◆ **Material provided**:
####################

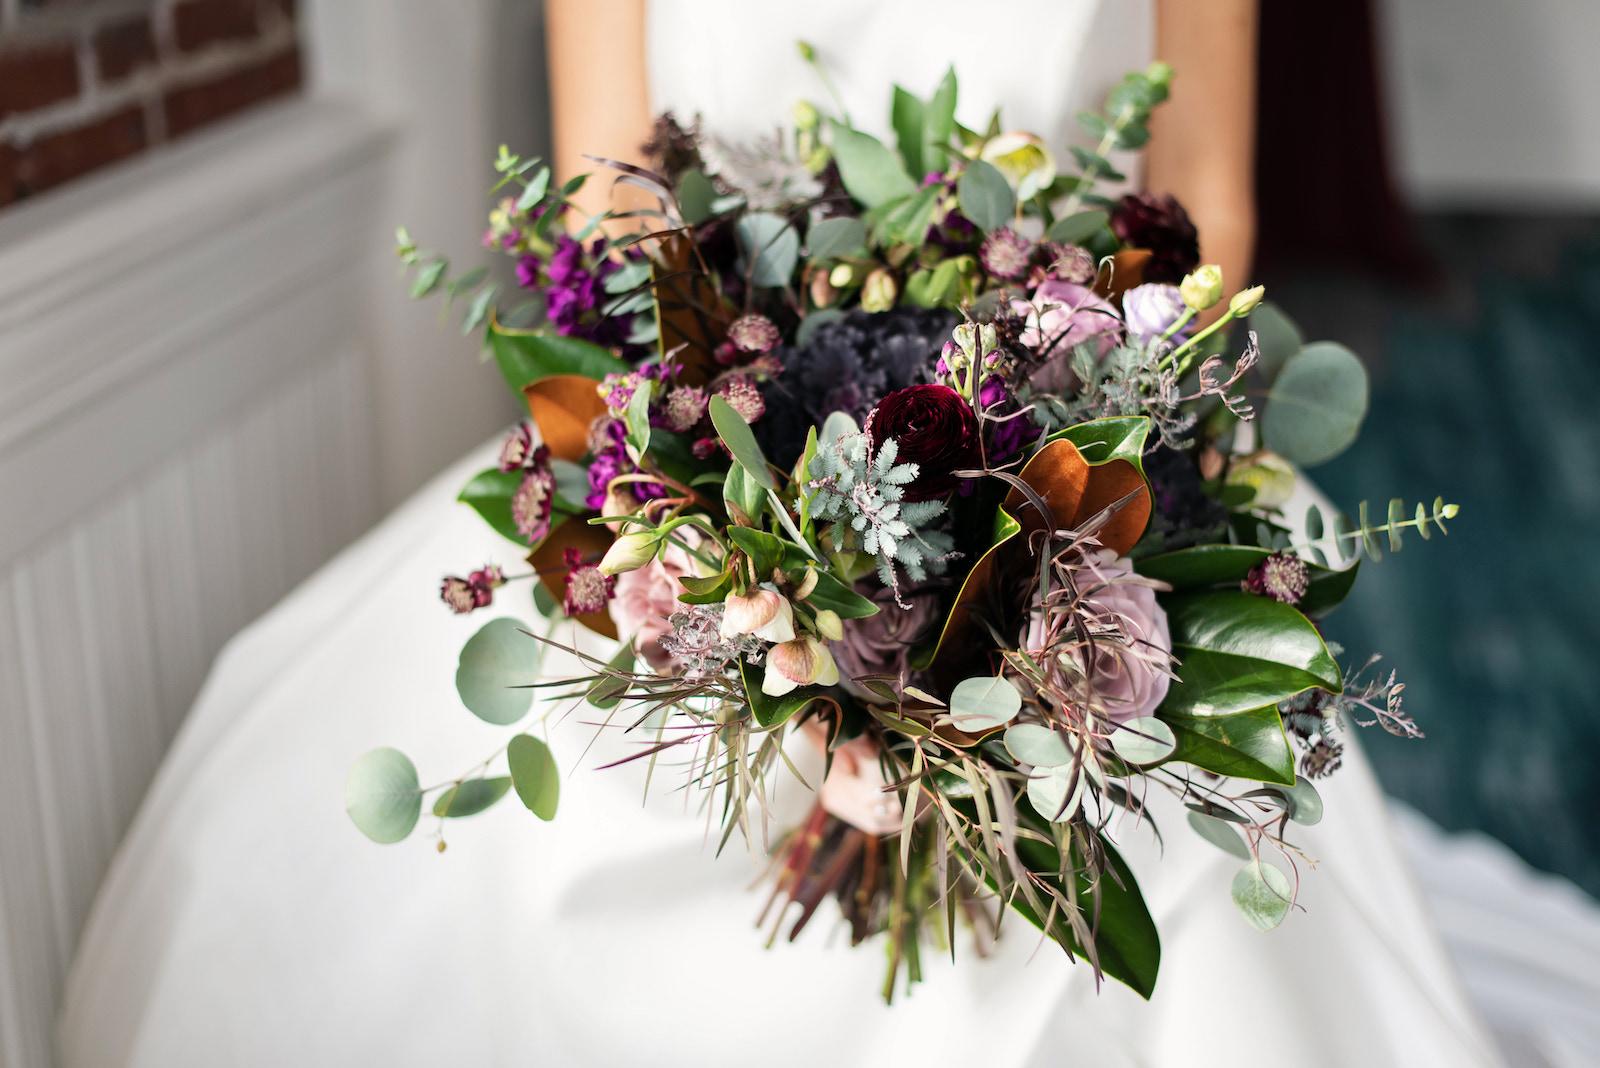 Botanica Floral Design - Wedding Floral Design in Portland
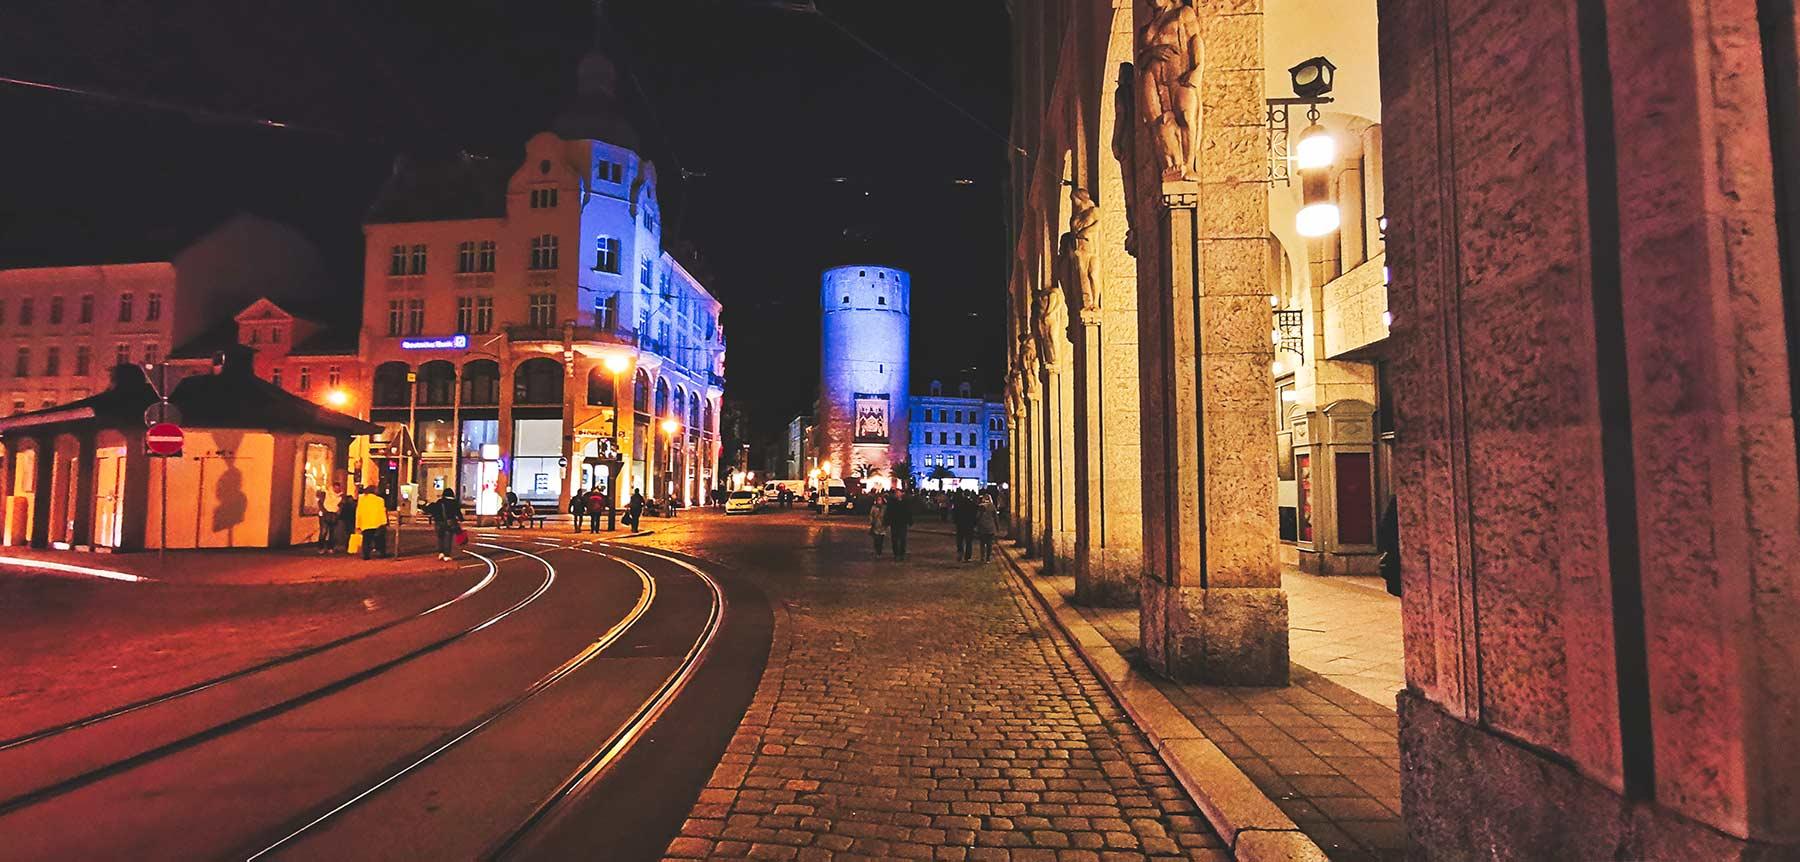 Görlitz bei Nacht, bleuchtete Innenstadt erleben
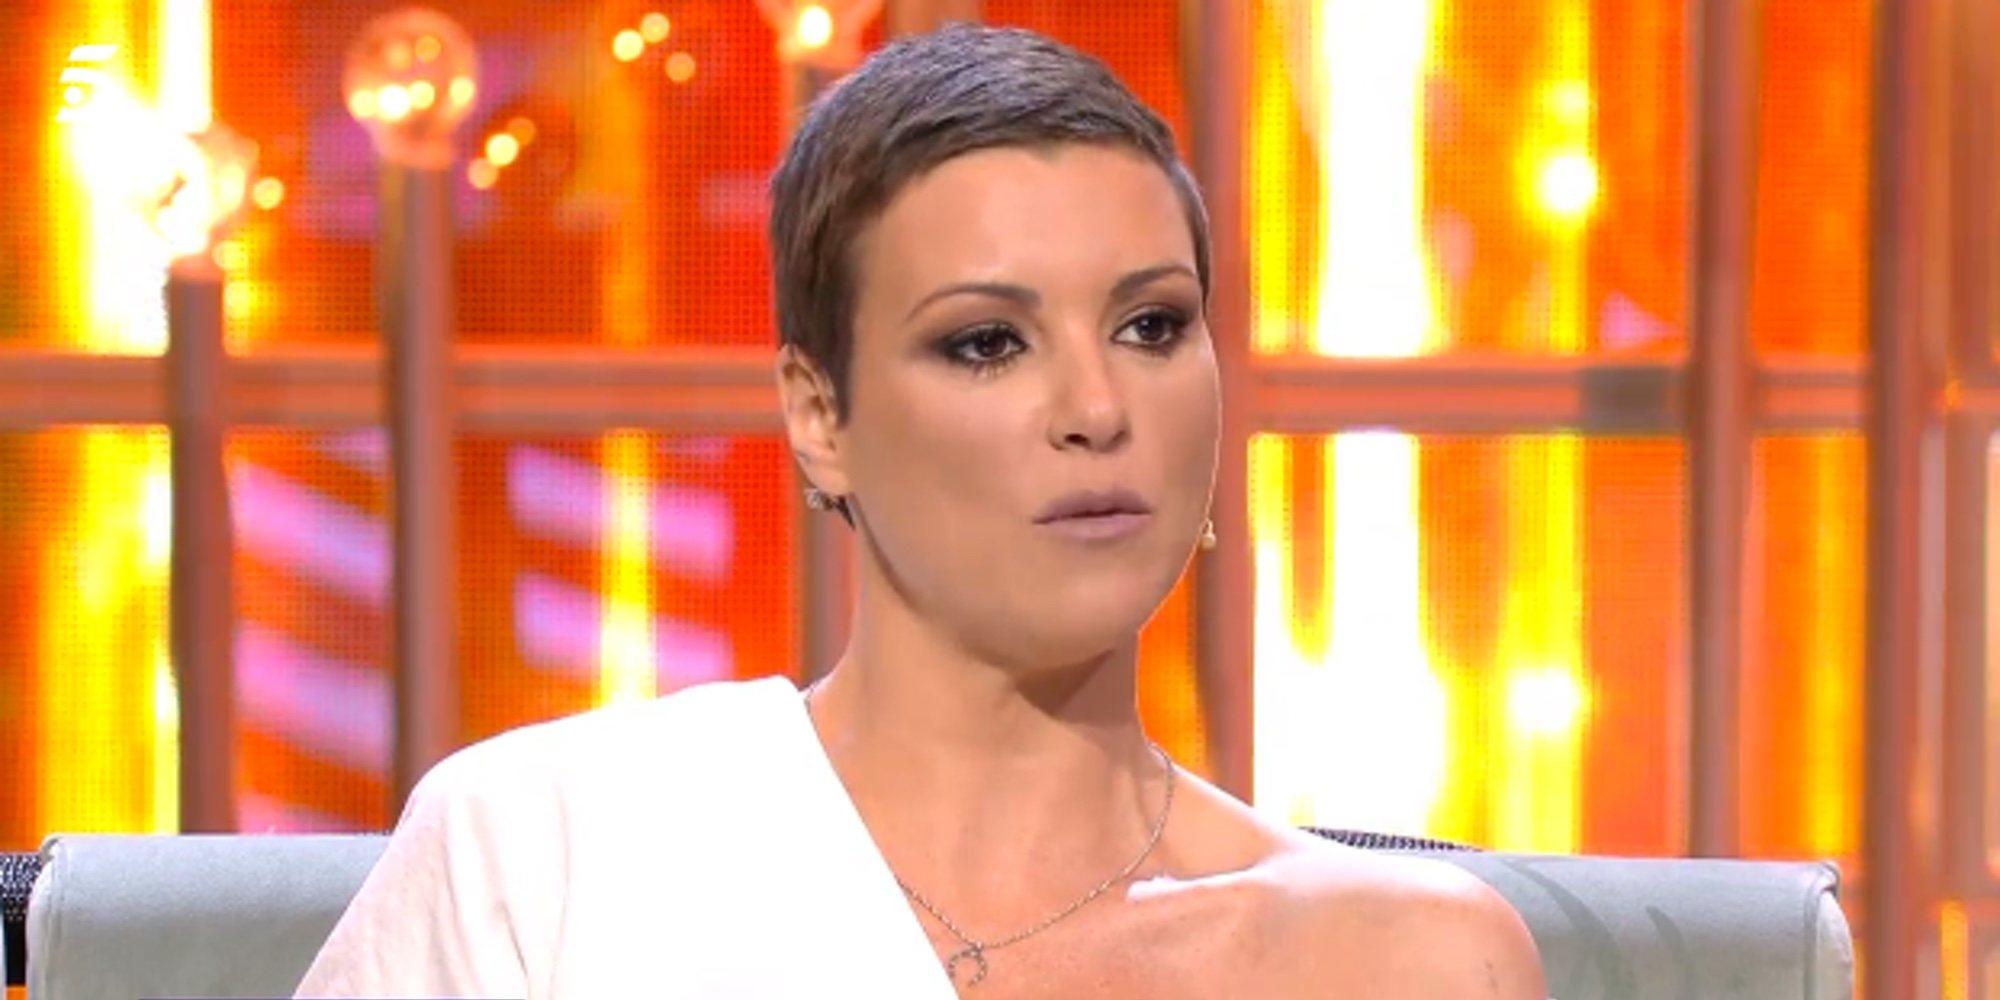 """El zasca de María Jesús Ruiz a Kiko Rivera tras su victoria en 'GH DÚO': """"Lo crees tú, no la audiencia"""""""

####################

◆ **Problem**:
Repeat the material exactly as it reads, without any of its pictures.

◆ **Task solution**:
 Botanica Floral Design - Wedding Floral Design in Portland
 Görlitz bei Nacht, bleuchtete Innenstadt erleben
 """El zasca de María Jesús Ruiz a Kiko Rivera tras su victoria en 'GH DÚO': """"Lo crees tú, no la audiencia"""""""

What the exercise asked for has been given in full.